Twórca jednego z najciekawszych projektów muzycznych lat 90 zjada własny ogon. Michael Cretu w latach 80 wylansował swoją żonę Sandrę, a potem wpadł na pomysł połączenia gregoriańskich chorałów z klubowymi rytmami i całą gamą sampli począwszy od Pink Floyd, a na mongolskich przyśpiewach kończąc.W ten sposób powstał pierwszy album Enigmy „MCMXC a.D.” z pamiętnym przebojem „Sadeness Part I”. Muzyk z istniejących już utworów innych wykonawców stworzył nową jakość – taneczne, niemalże transowe klimaty podszyte dodatkowo szczyptą filozofii. Charakterystyczny styl rozwinął na drugiej płycie „The Cross Of Changes”, na której wykorzystał ludowe rytmy z różnych zakątków świata. Dzięki temu, najpierw został okrzyknięty twórcą „cathedral pop”, a potem inspiratorem jednego z najbardziej nośnych trendów lat 90 – ethnic music.

Jednak wraz z następnymi płytami pomysły Cretu zaczęły się wyczerpywać. Na trzecim krążku „Le Roi Est Mort, Vive Le Roi!” zaczął kopiować samego siebie. Nieco lepiej wybrnął na „The Screen Behind The Mirror” układając płytę pod koncepcję podsumowania działalności projektu. Trzy lata temu wydał udany krążek „Voyageur”, w którym bardziej niż kiedykolwiek zbliżył się do nowoczesnego euro-popu.

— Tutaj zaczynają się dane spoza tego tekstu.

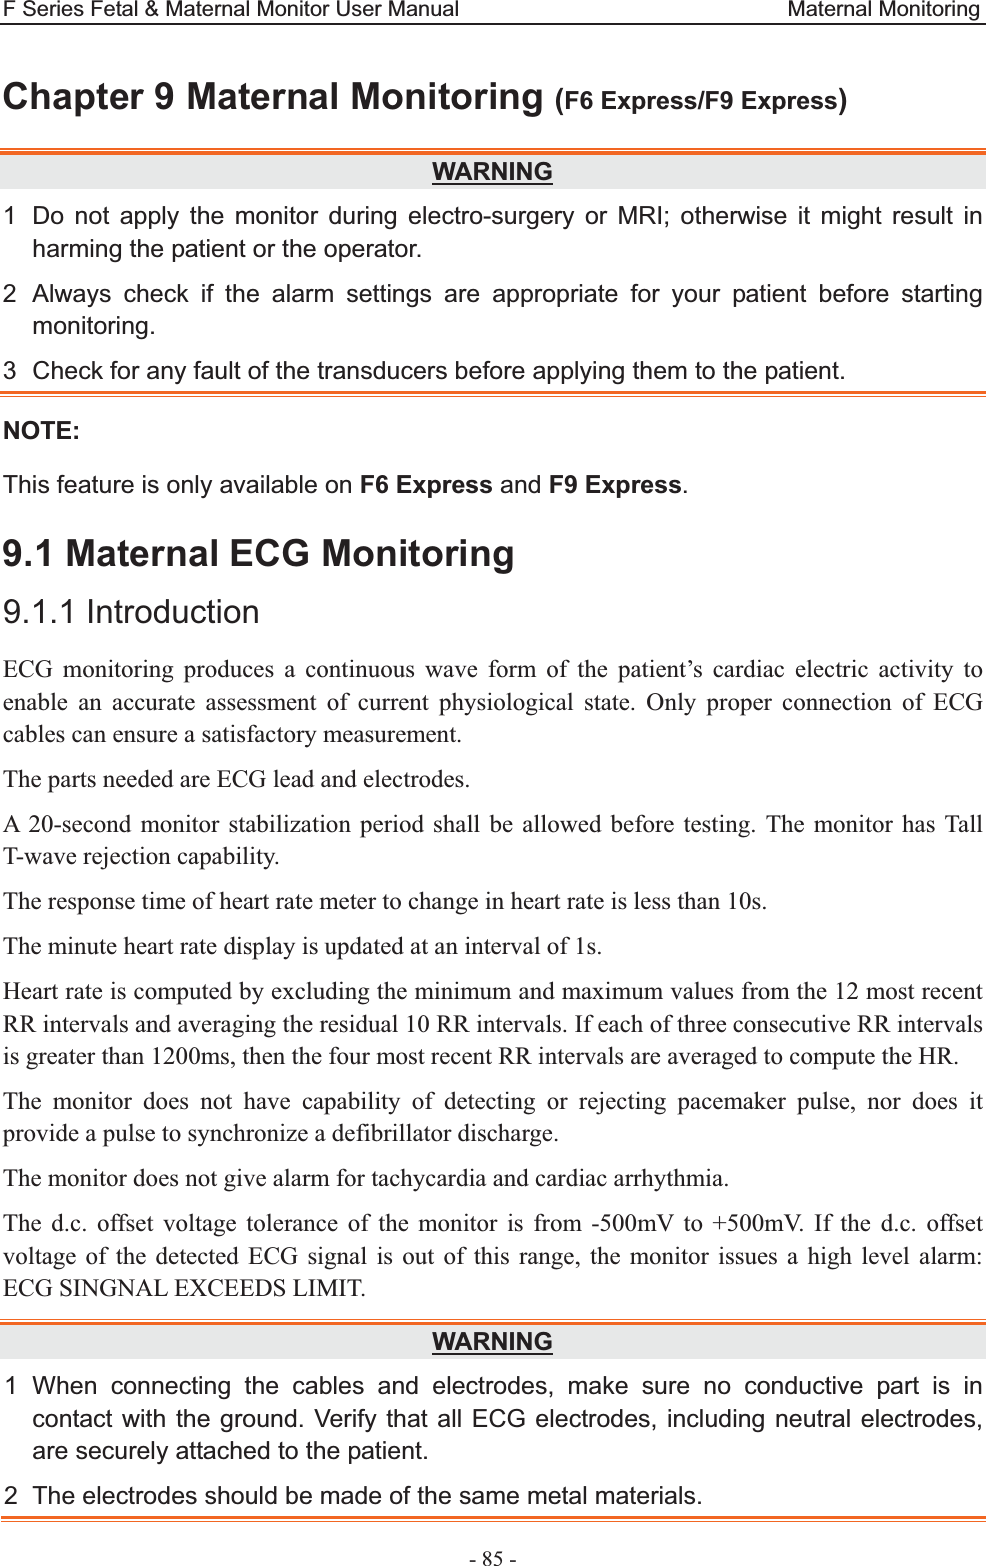 F Series Fetal &amp; Maternal Monitor User Manual                              Maternal Monitoring - 85 - Chapter 9 Maternal Monitoring (F6 Express/F9 Express)WARNING1  Do not apply the monitor during electro-surgery or MRI; otherwise it might result in harming the patient or the operator. 2  Always check if the alarm settings are appropriate for your patient before starting monitoring. 3  Check for any fault of the transducers before applying them to the patient. NOTE: This feature is only available on F6 Express and F9 Express. 9.1 Maternal ECG Monitoring 9.1.1 Introduction ECG monitoring produces a continuous wave form of the patient’s cardiac electric activity to enable an accurate assessment of current physiological state. Only proper connection of ECG cables can ensure a satisfactory measurement. The parts needed are ECG lead and electrodes. A 20-second monitor stabilization period shall be allowed before testing. The monitor has Tall T-wave rejection capability. The response time of heart rate meter to change in heart rate is less than 10s. The minute heart rate display is updated at an interval of 1s. Heart rate is computed by excluding the minimum and maximum values from the 12 most recent RR intervals and averaging the residual 10 RR intervals. If each of three consecutive RR intervals is greater than 1200ms, then the four most recent RR intervals are averaged to compute the HR. The monitor does not have capability of detecting or rejecting pacemaker pulse, nor does it provide a pulse to synchronize a defibrillator discharge. The monitor does not give alarm for tachycardia and cardiac arrhythmia. The d.c. offset voltage tolerance of the monitor is from -500mV to +500mV. If the d.c. offset voltage of the detected ECG signal is out of this range, the monitor issues a high level alarm: ECG SINGNAL EXCEEDS LIMIT. WARNING1 When connecting the cables and electrodes, make sure no conductive part is in contact with the ground. Verify that all ECG electrodes, including neutral electrodes, are securely attached to the patient. 2  The electrodes should be made of the same metal materials.

Najnowsze dziecko Cretu (bez udziału Sandry, która do tej pory była głosem Enigmy) jest nijakie, wtórne i bezbarwne. Kompozytor pracował nad nim tak jak zwykle – odizolowany od świata na hiszpańskiej Ibizie. Próbując wskrzesić ducha pierwszej płyty, zrezygnował z cudzych sampli, zaś całość nagrał na starym syntezatorze. Może dlatego poszczególne utwory brzmią jak echo wczesnych nagrań Jarre’a i Oldfielda. Rozpoczynające płytę „Eppur Si Muove” oraz „Feel Me Heaven” – obudowane wokół połamanych rytmów – są nawet intrygujące, ale im dalej w las, tym coraz bardziej banalnie i przewidywalnie, zarówno muzycznie, jak i tekstowo.

Michael Cretu mieszkając na ciepłej wyspie, nie tylko nie dyktuje już muzycznych mód, ale zapomniał kompletnie, czym żyje reszta świata. „A Priori” (łac. „po fakcie”) nadaje się jedynie do puszczania w supermarketach jako tak zwana „muzyka relaksacyjna”. I na tym proponuje zakończyć żywot tego niegdyś ciekawego projektu.